Memorial office of Valery Bryusov
The center of the exhibitionis Bryusov’s memorial cabinet, since it was completely restored. On the writer’s desktop is the collection “Poetry of Armenia ”: Bryusov translated over a thousand works of writers and poets from the ancient Armenian language. For this work in 1923 the Symbolist was given the title of “People’s Poet of Armenia”. Working in this office, Bryusov completed the novels “ Altar of Victory ”, “Jupiter defeated”, “Mirror of Shadows”, as well as “Almonds”. An extensive library of the writer, consisting of more than a thousand publications, is presented in the bookcases of the cabinet. Portraits and photographs of the playwright are hanging on the walls, including lithography from the famous portrait of Mikhail Vrubel, created in 1905. Of the memorial items in the hall, an oak table, a clock, a furniture set, as well as drawings donated by artists Fyodor Rerberg, Konstantin Feofilaktov and Natalya Goncharova are exhibited.

Central hall
The main hall of the museum hosts art and music events, as well as creative evenings.
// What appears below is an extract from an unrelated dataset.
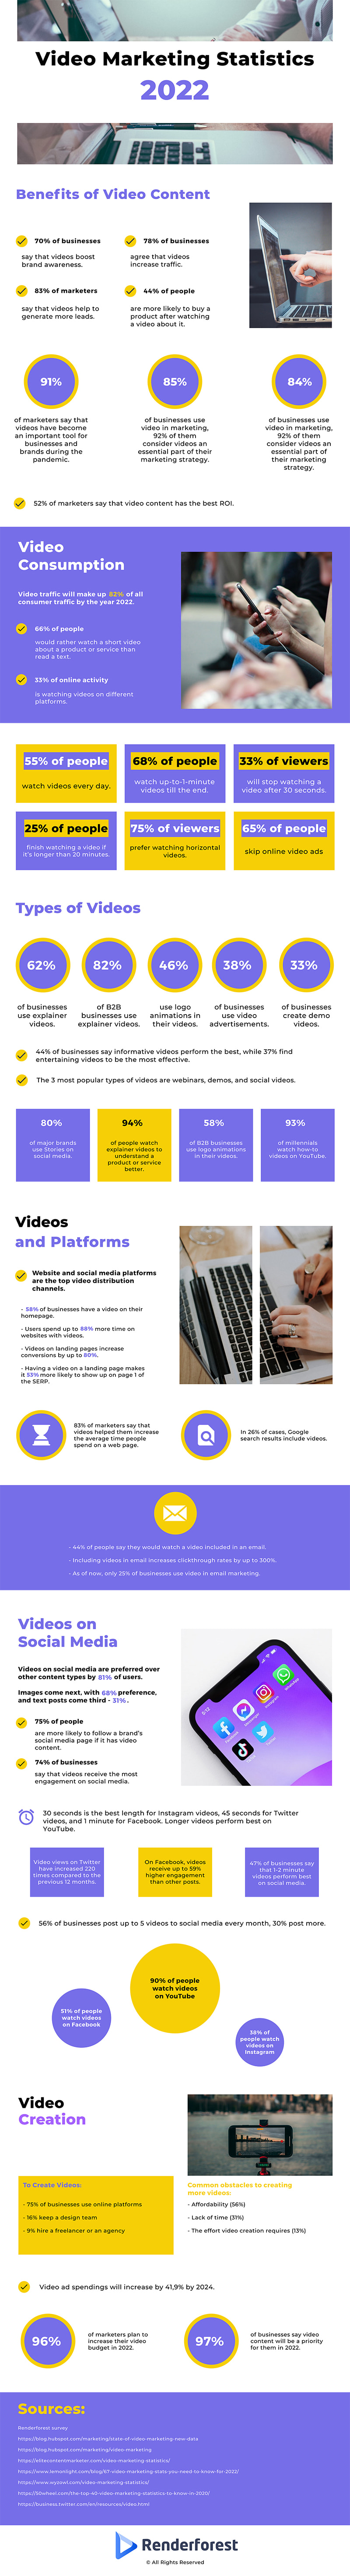 Video Marketing Statistics Infographic
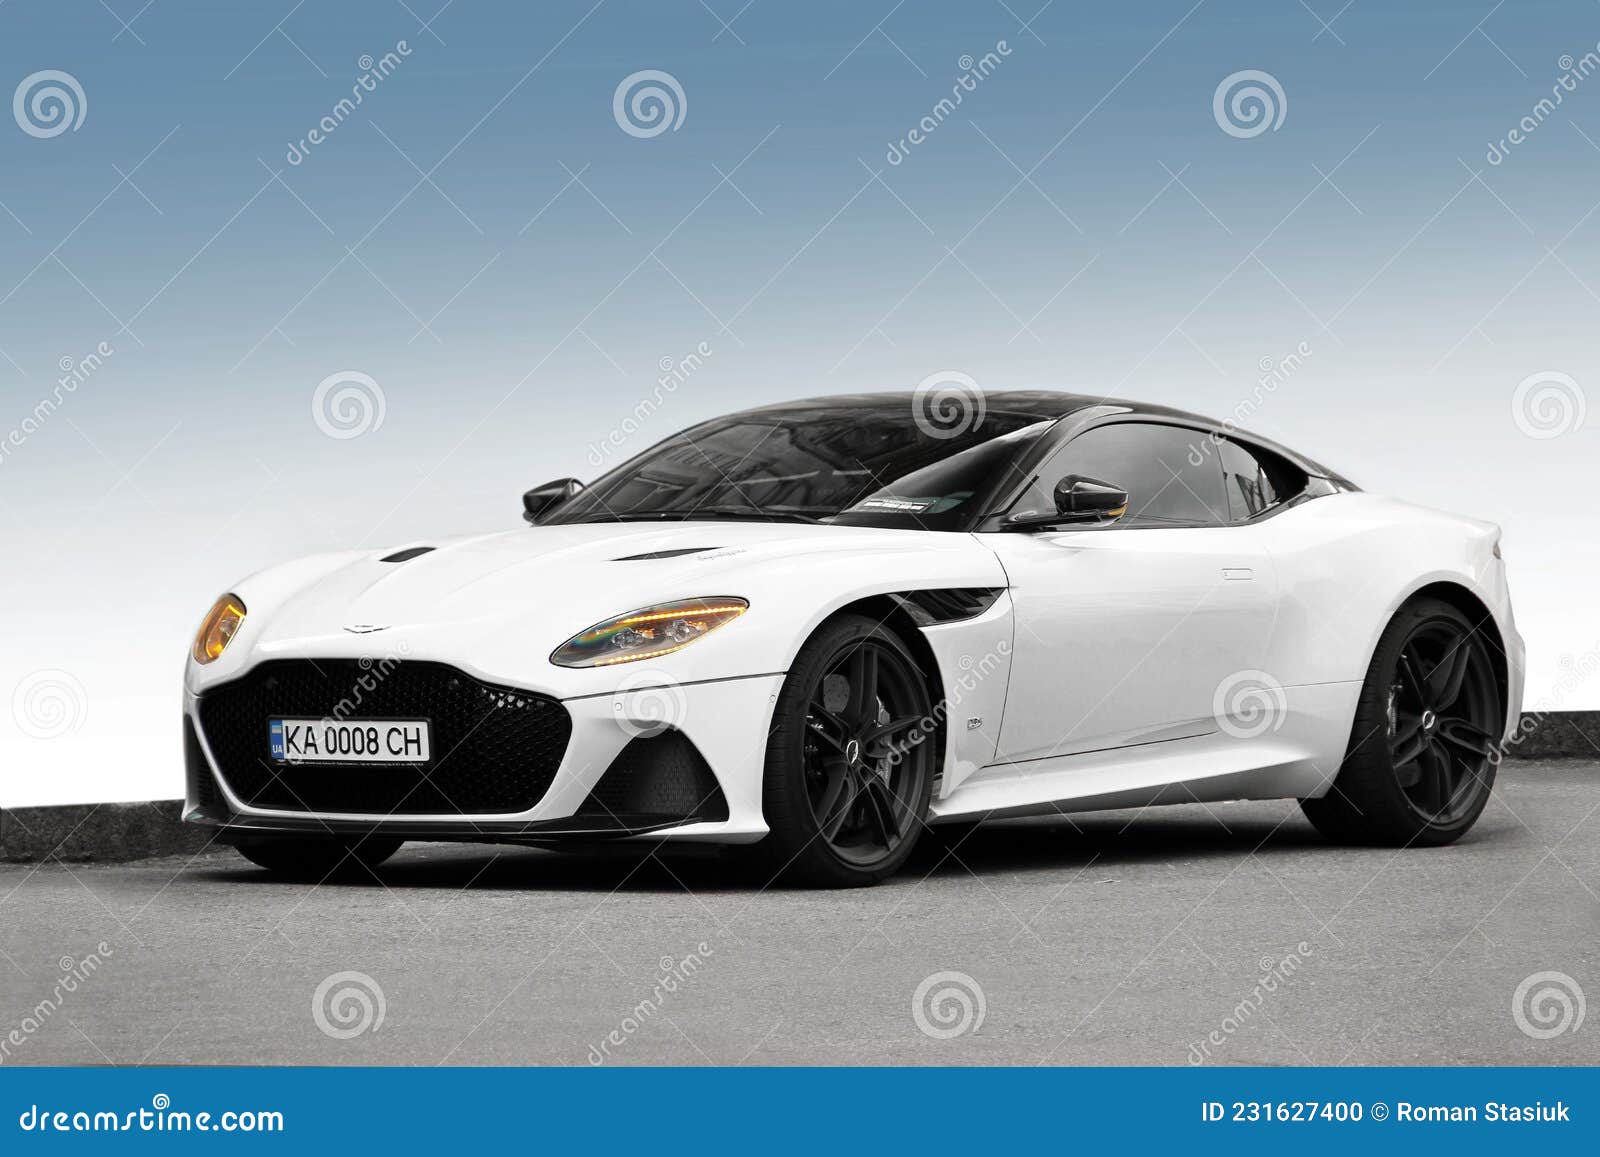 Kiev, Ukraine - June 12, 2021: White English Supercar Aston Martin DBS  Superleggera on a Clean Background Editorial Image - Image of expensive,  automobile: 231627400

The walls are decorated with portraits of Bryusov by the artist Sergey Malyutin from 1913 and a portrait of the writer Leonid Andreyev, performed by Valentin Serov in 1907.

Hall of Symbolism
In the hall of Russian symbolism, portraits, books and manuscripts of writers Andrei Bely, Jurgis Baltrushaitis, George Chulkov, Eugene Lansere, Alexander Blok are presented. In the corner is the restored interior of the editorial office of the magazines Scorpio and Libra, which printed works of symbolist writers. Nearby is the cartoon of the literary capital of St. Petersburg of the 1910s – the Cafe Comedians Cafe. The image was created in 1916 and reproduces the creative atmosphere of one of the evenings: Osip Mandelstam, Anna Akhmatova,Nikolai Gumilev, Konstantin Balmont, Vladislav Khodasevich and other poets listen to performances on stage.

Hall of Acmeism
The room dedicated to acmeism contains a collection of materials on the development of this direction, which arose in the 1910s in Russia. The walls are painted in light color, together with a large number of mirrors this creates the illusion of a split space. Busts of Marina Tsvetaeva, Sergey Yesenin, Boris Pasternak, Maximilian Voloshin, as well as Larisa Reisner are placed around the perimeter, which creates the effect of presence. On the wall hangs the autograph of Alexander Blok, left by the poet after the first reading of the poem “The Twelve “.

Futurism hall
The last hall of the exhibitionis dedicated to the activities of poet- innovators Vladimir Mayakovsky, Velimir Khlebnikov and Igor Severyanin. The room is painted in dark color and the only bright spot are brightly illuminated windows. The walls depict geometric patterns symbolizing a challenge to public opinion. Here are the original posters of the early XX century, preserving the old and new spelling styles. The tour of the museum ends in the hall with a copy of the monument to Peter I “The Bronze Horseman ”, which, according to the plan of the interior organizer Avet Tavrizov, symbolizes the layering of eras: the combination of Russian statehood and the form of creativity of poets and writers.